Она протиснулась мимо меня, на ходу бросив:

— Простите, что опоздала.

— Ты не опоздала, — ответил ей Мика.

— Ты как раз вовремя, — добавила я, чем заработала небольшую улыбку.

Вивиан в любом виде оставалась красавицей, но сейчас ее что-то тревожило, и возле глаз и губ заметны морщинки. Кожа у нее цвета кофе с таким количеством сливок, что он становится почти белым. Теоретически она афроамериканка, но с хорошей ирландской примесью, что очень заметно по густым и почти прямым волосам и светлым серо-голубым глазам. Она — леопардоборотень из нашего прайда. Однажды я ее спасла от одного очень плохого оборотня, который с ней проделывал ужасные вещи. В конце концов я его убила, но только в кино месть исправляет все. В жизни травма остается у жертвы и после смерти негодяя.

Сюда она пришла посмотреть на сцене на своего бойфренда Стивена, с которым они вместе живут. Сев с другой стороны от Моники, она заговорила с ДжейДжей. Потом Вивиан сняла пальто, и я, увидев платье, поняла, почему она опоздала. После работы (в страховом агентстве помощником администратора) она заехала домой переодеться. Платье — почти не существующее — было черным с бронзовым и золотым бисерным шитьем, переливавшимся при каждом движении. Я даже пожалела при виде платьев Джей-Джей и Вивиан, что не переоделась сама, но тогда бы точно опоздала. Могла бы взять с собой на работу, во что переодеться, но сообразила это только сейчас. Ну да ладно.

— Ты выглядишь потрясающе, — шепнул Мика, наклонившись ко мне.
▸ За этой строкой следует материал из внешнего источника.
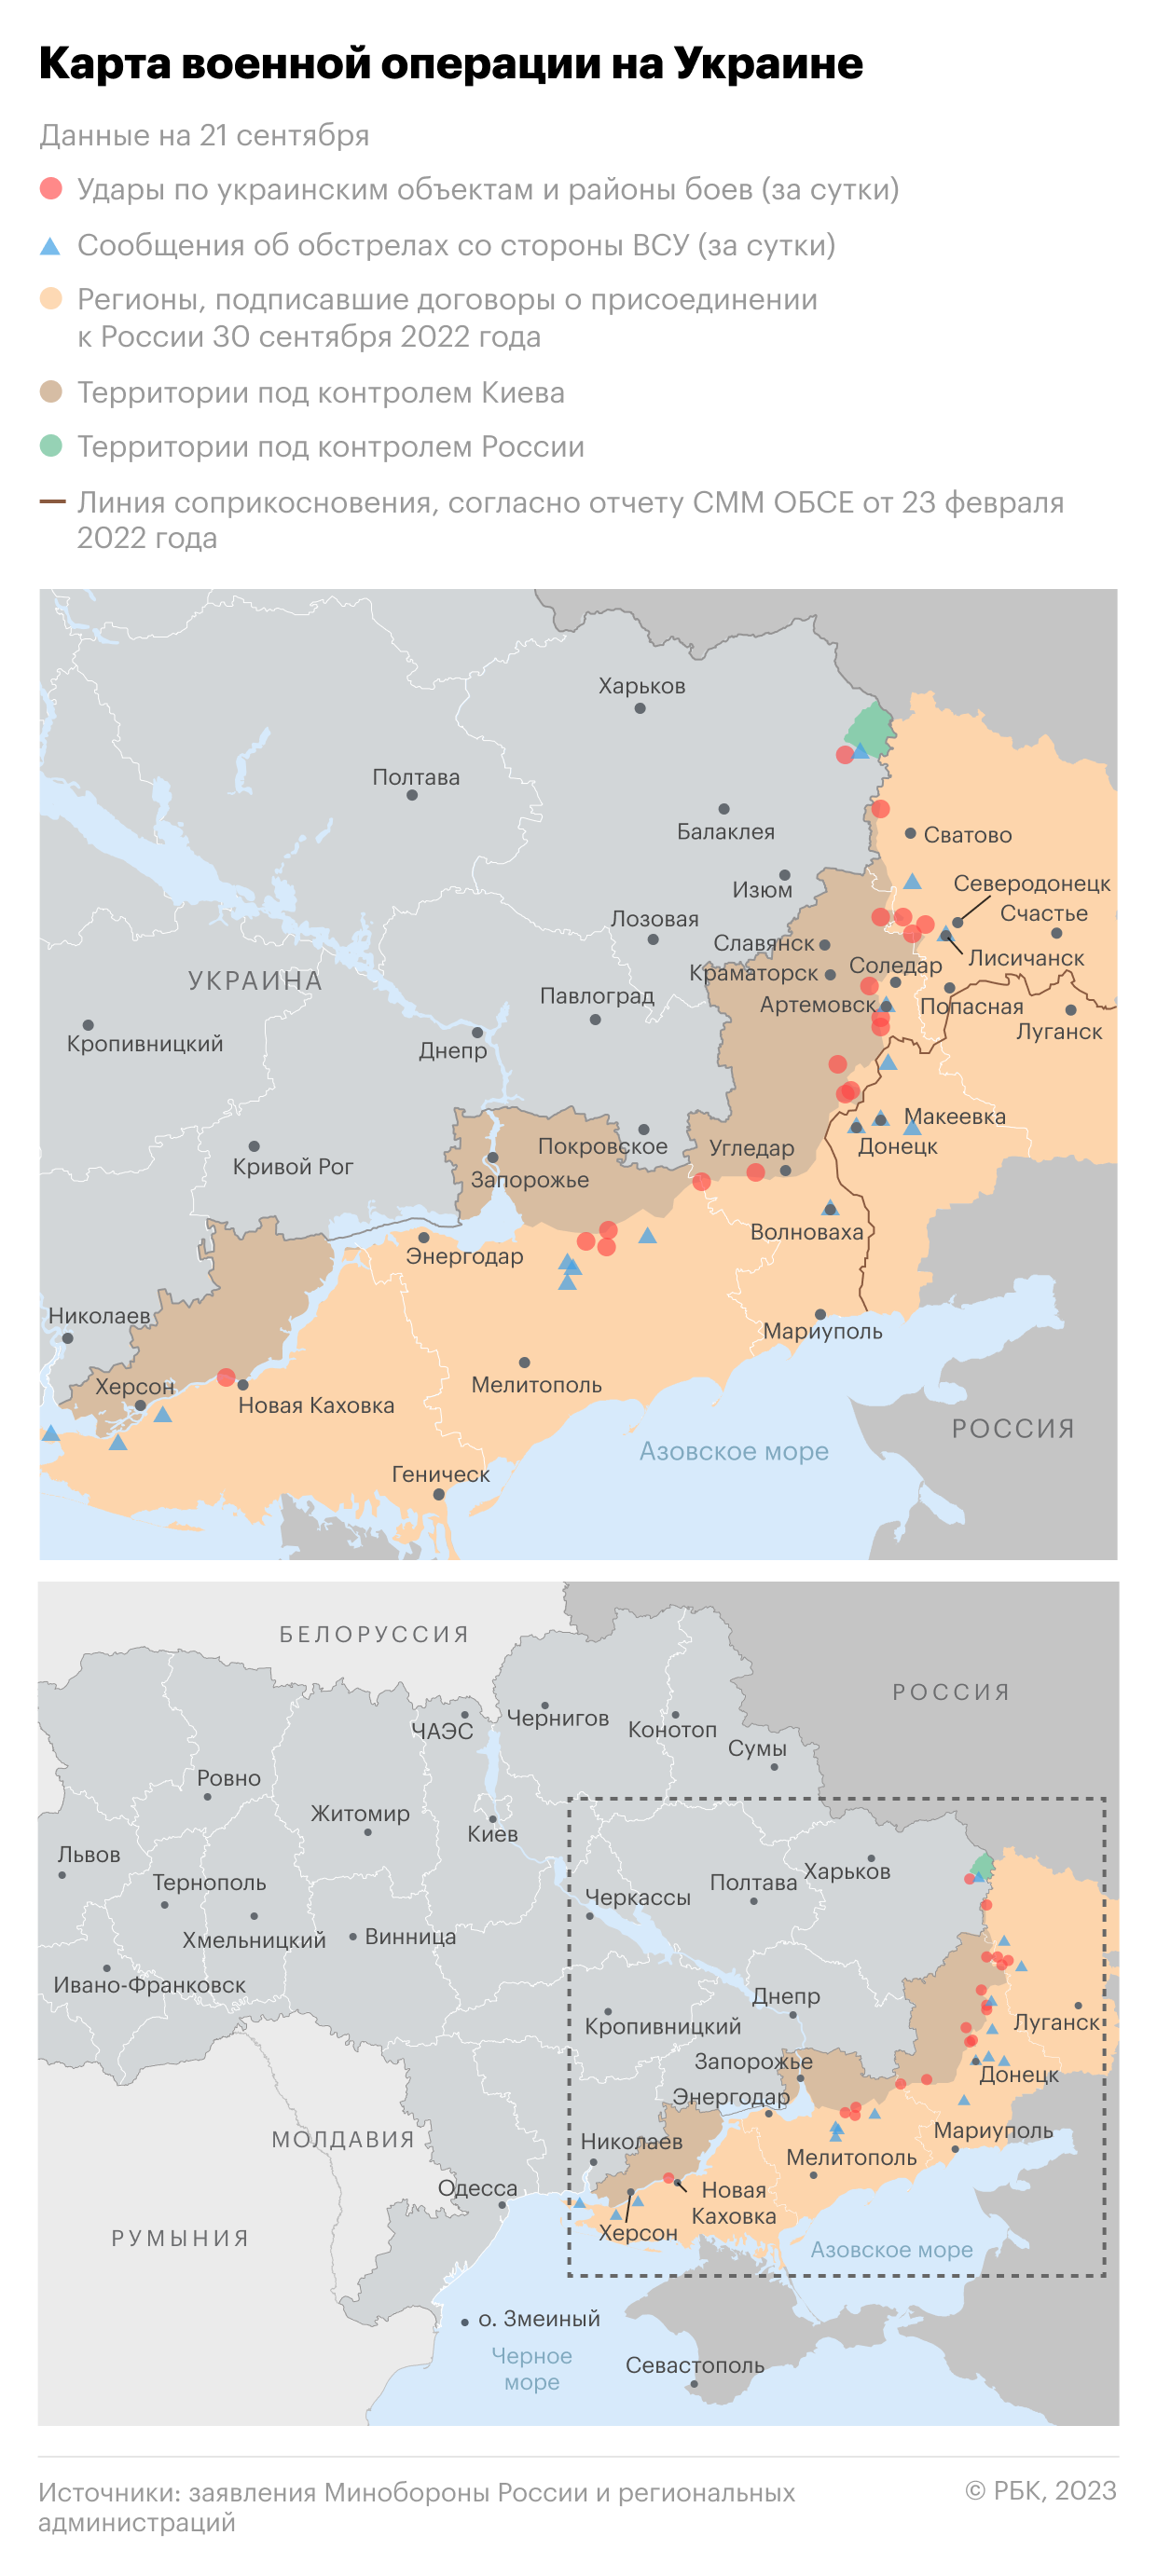 Военная операция на Украине. Карта на 21 сентября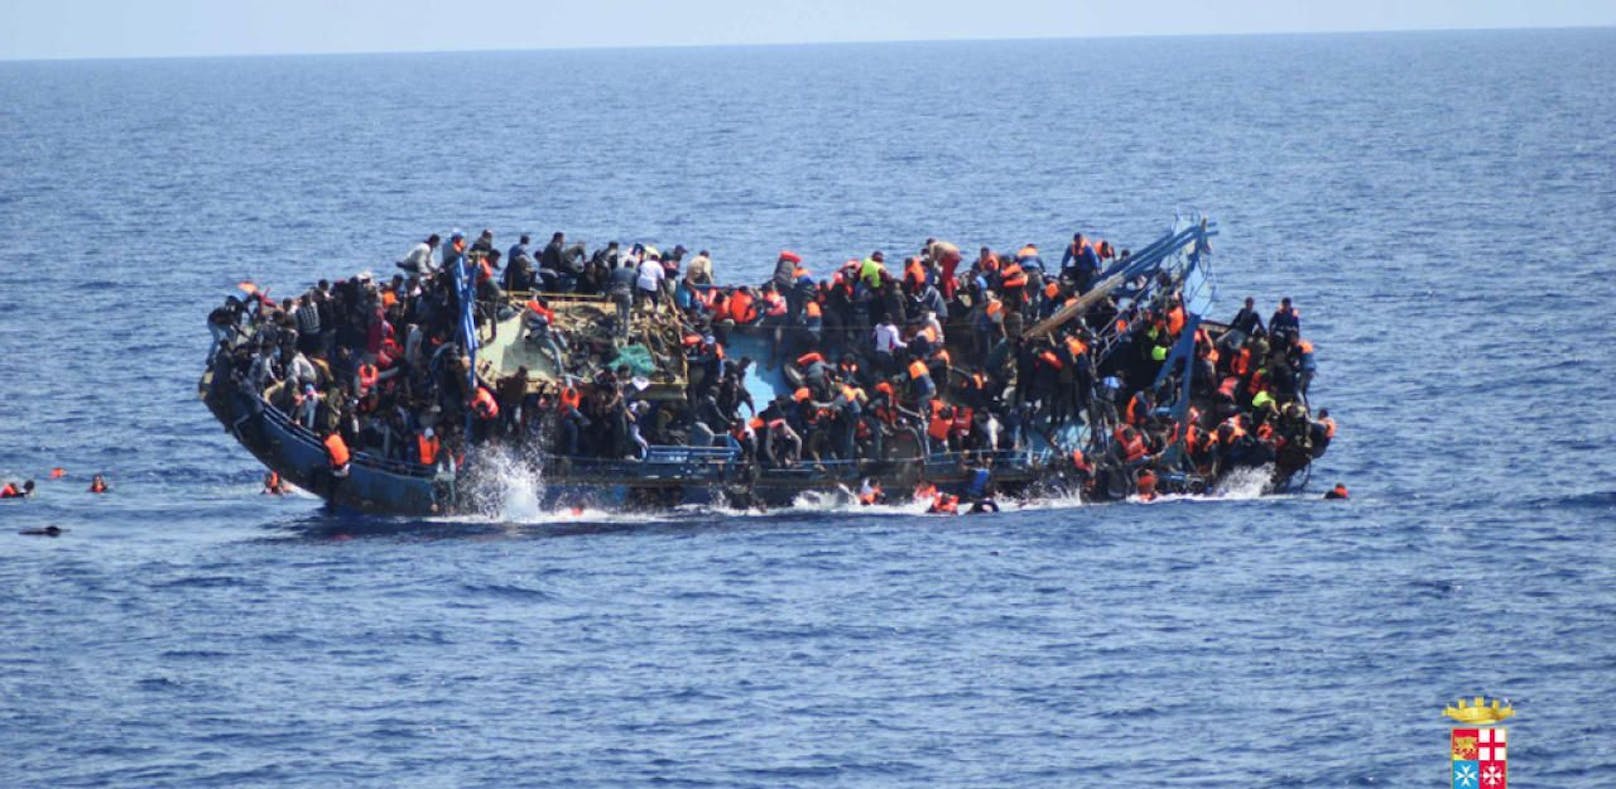 Fluchtbewegung über Ägäis und Mittelmeer: Schutzsuchende begeben sich in Lebensgefahr, Tausende sterben.

— Так заметно было? — шепнула я в ответ.

— Мне — да, — ответил он и сжал мне руку. Я ответила на пожатие, и мы обменялись улыбкой, которая была, как правило, только для нас. Иногда еще и Натэниел присоединялся, но здесь его не было, потому что ему сегодня выступать.

Моей руки слегка коснулась рука Жан-Клода, и я поняла намек, прислонилась головой к его плечу и взяла его за руку. Он не первую сотню лет уже был дамским угодником и клялся, что я — первая женщина, внушающая ему некоторую робость. Да, я умею ранить самолюбие мужчин определенного типа. Те, перед которыми обычно женщины валятся пачками, никогда меня особо не волновали, потому что я понимаю: свались я тоже, то буду далеко не первая и уж точно не последняя. А кроме того, обычные их приемы сшибания с ног вызывают у меня недоумение. И вот я до сих пор не знаю, должна ли я извиниться перед Жан-Клодом, что обламываю ему этот кайф, или этим фактом гордиться.

Где-то в глубине души у меня все еще таится вера, что если бы я с легкостью упала в его объятия, когда он за мной ухаживал, он бы, завоевав меня, уже пустился бы на поиски новой добычи. Это несправедливое обвинение, мои личные тараканы, или же просто правда?

Рука у него была теплой на ощупь. То есть он сегодня уже был сыт, и донор наверняка был добровольным. Многие, особенно женщины, в очередь к нему выстраивались. Собственно говоря, одна из причин, почему я последние недели с помощью еще нескольких наших ребят ворошила стопку фотографий и DVD, — что нам нужно больше регулярной поставки крови. Группы вампиров и оборотней по всей стране посылали нам заявления на включение в нашу группу своих представителей. На DVD было всякое — от откровенной порнухи до лент типа службы знакомств. Похоже было на старую технику браков по сговору, только здесь, скорее, по сговору искали любовницу— в некотором смысле. Все эти группы надеялись, что таким образом усилятся за счет нашей политической поддержки. И это могло быть верным.

Жан-Клоду давно уже направляют кандидатов, и он всем им вежливо отказывает. Последняя партия была адресована лично мне. Кажется, соискатели решили, что Жан-Клод всех отвергает из страха меня разозлить, и это могло быть недалеко от истины, так что я села смотреть. Мне несколько помогали Натэниел и Мика, иногда Джейсон, но никто из вампиров. Так вышло не намеренно, но...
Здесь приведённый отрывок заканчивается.